Secondly, inflation is high. It is currently being written into contracts as businesses try to protect themselves against future price rises, which means that even if global inflationary pressures diminish, inflation will be baked into our economy for some time. A rise in energy bills of the kind that the Government contemplate would add as much as two additional percentage points to inflation and would have a significant spending cost for the Government.
Thirdly, under our plans, the windfall tax would give us a contingency fund of £600 million to help energy-intensive businesses through the energy crisis. I recently visited Pilkington Glass in St Helens, where the rise in energy prices means millions of pounds in additional costs. If Conservative Members are worried about the impact of a windfall tax on investment, will they think about the cost of not acting for investment in jobs, growth and the future of energy-intensive industries?

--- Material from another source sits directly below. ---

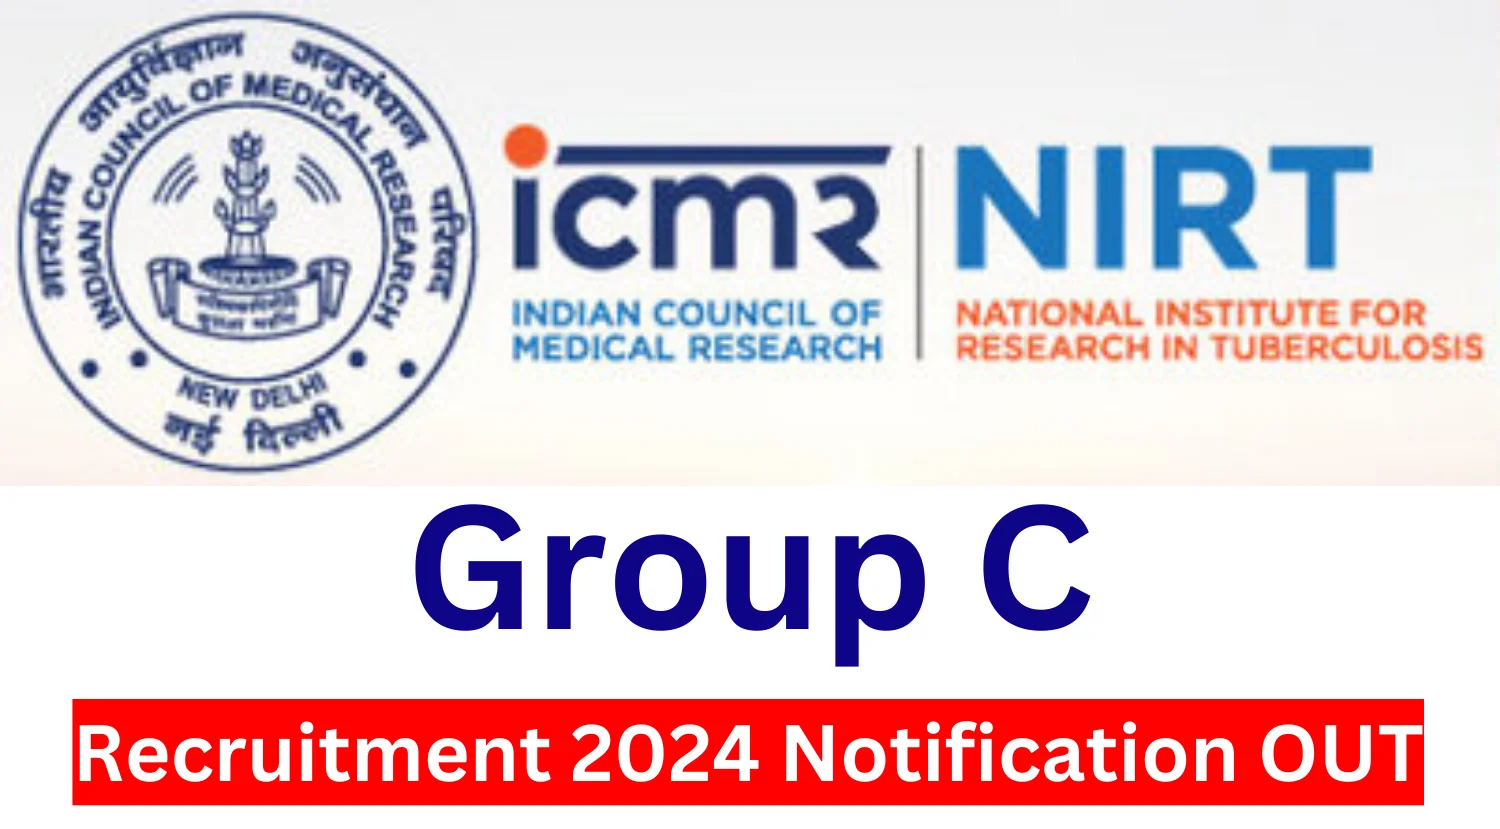 ICMR-NIRT Recruitment 2024 Notification OUT

I was surprised to hear Conservative Members arguing against the case for cutting VAT on energy bills, given that in many cases they themselves advocated the same policy. The argument that cutting VAT does not help those most in need simply does not hold water. Crucially, cutting VAT is a step that we could take now. Labour’s policy, which would give every household some relief from sky-high bills, would also mean extending the warm home discount, saving those most affected, such as pensioners and low earners, nearly £600. Many Conservative Members are on the record as supporting the measure precisely because of the arguments made in this debate. Claims that cutting VAT is unprogressive and would benefit only the wealthiest simply do not take Labour’s motion and our policy in the round; they are as disingenuous as they are insulting to constituents who are crying out for some help.

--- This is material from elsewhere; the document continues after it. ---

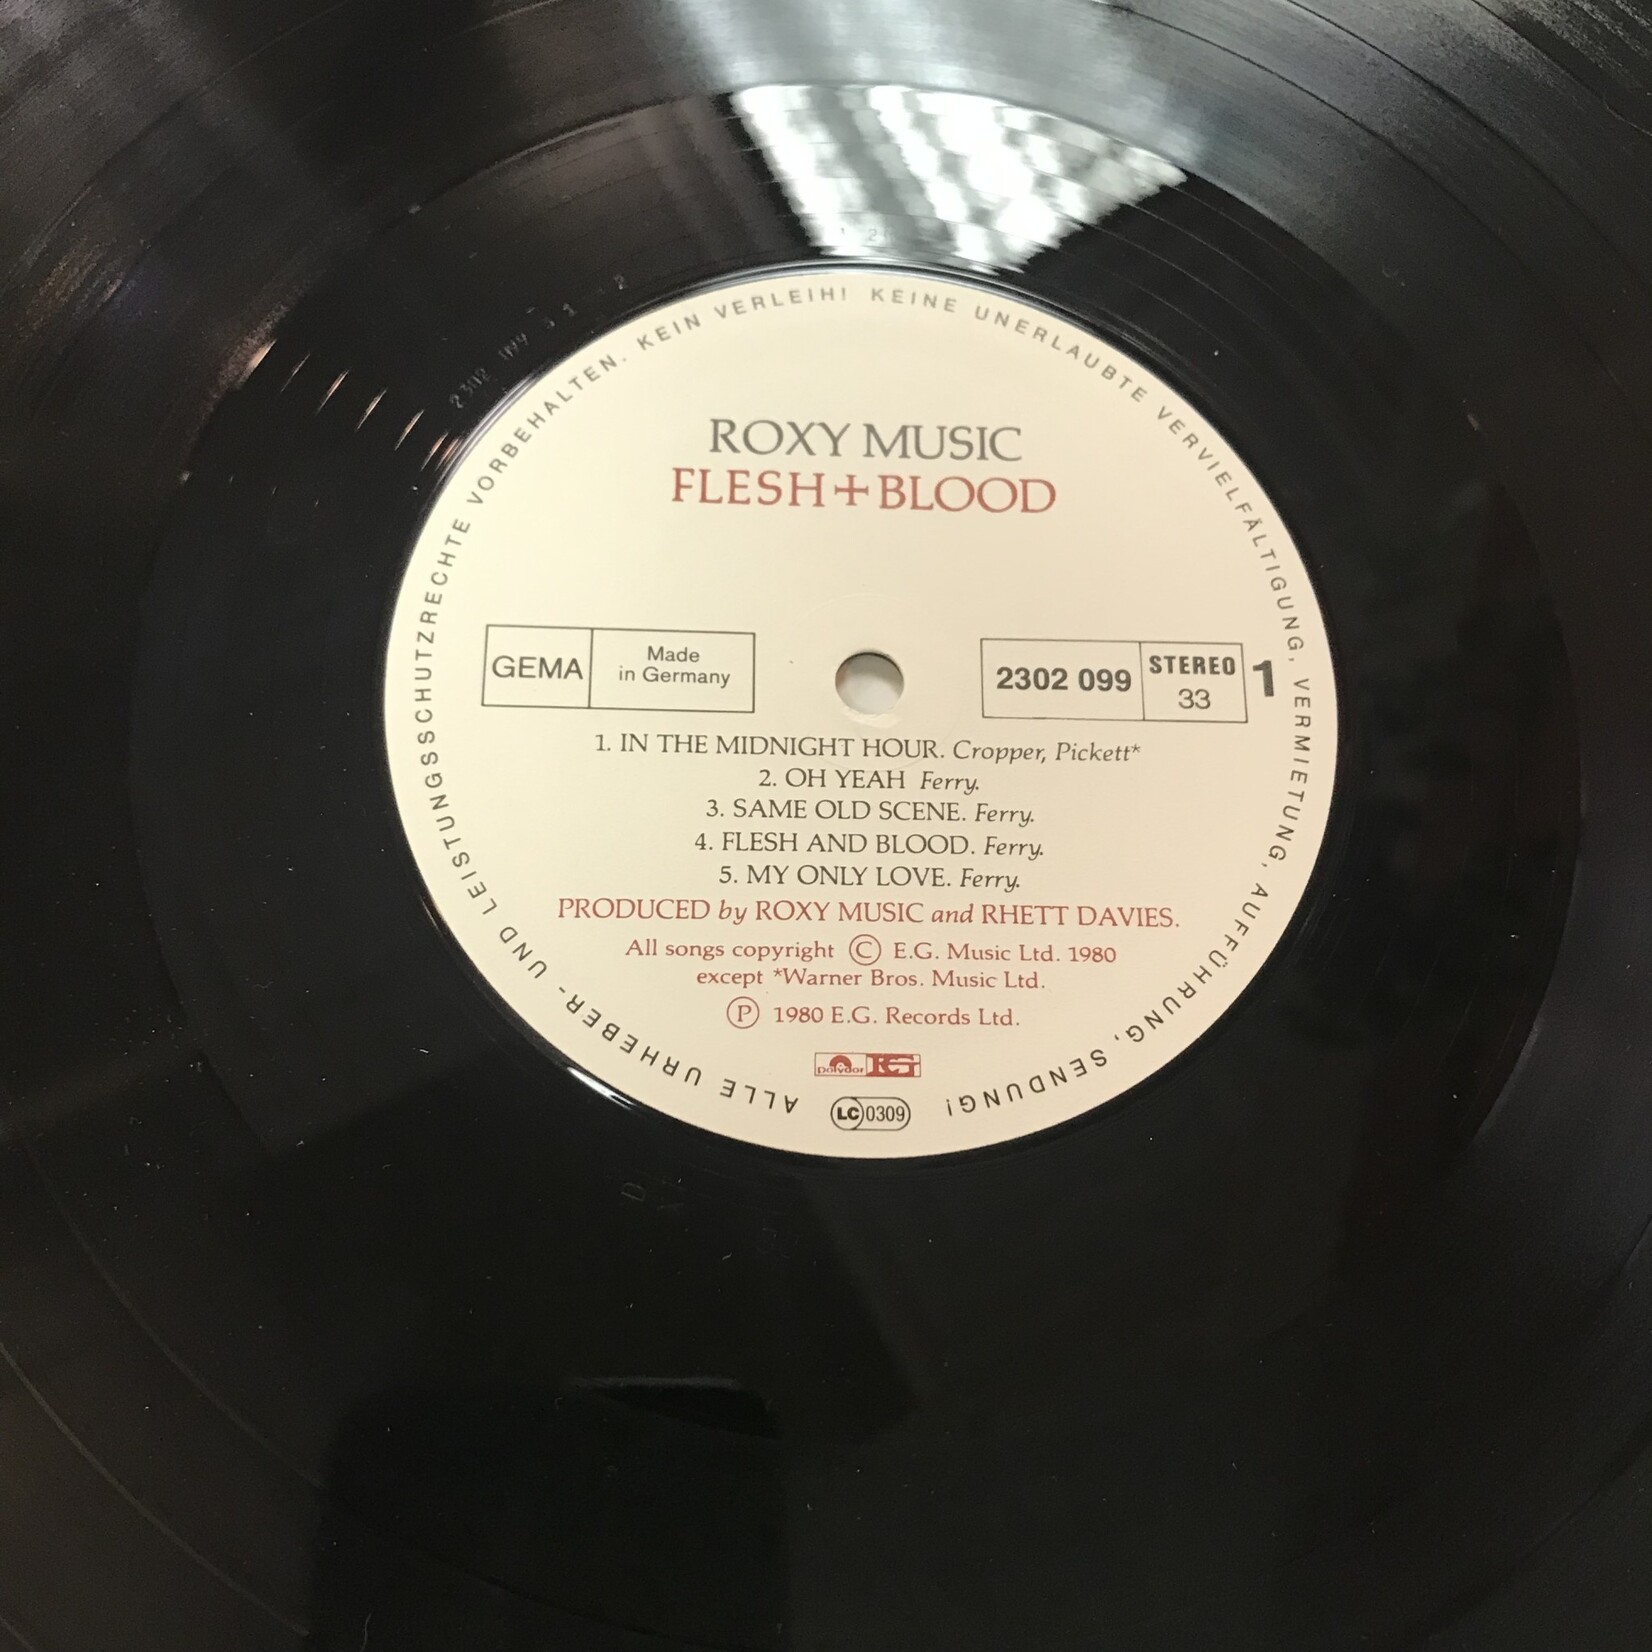 Roxy Music - Flesh & Blood - 2303 099 - Vinyl LP (USED - GER)

The reality is that the Conservatives cannot fix the cost of living crisis, because they are the crisis. They have become the high tax party because they are a low-growth Government. Some of the defences that I have heard today of voting against the motion are as thin as the Prime Minister’s excuses for flouting his own lockdown rules. Labour has shown the leadership that our country needs and delivered a plan to tackle the energy crisis that would take £200 off the average household bill, offer up to £600 for the most vulnerable in the current crisis, including low earners and pensioners, and provide funding to help the energy-intensive businesses worst hit by energy spikes—all fully costed, with a windfall tax on the North sea oil and gas producers that have profited from the price rises.
It is so telling that at no point today have I heard any Government representative outline an alternative or offer a coherent explanation of how the Government will help families. Labour laid out our plan to address the cost of living crisis two months ago, and still the Government have failed to rise to the challenge. We know why: they are too mired in their own scandal to take the action required. They are more focused on saving the Prime Minister than on serving the public.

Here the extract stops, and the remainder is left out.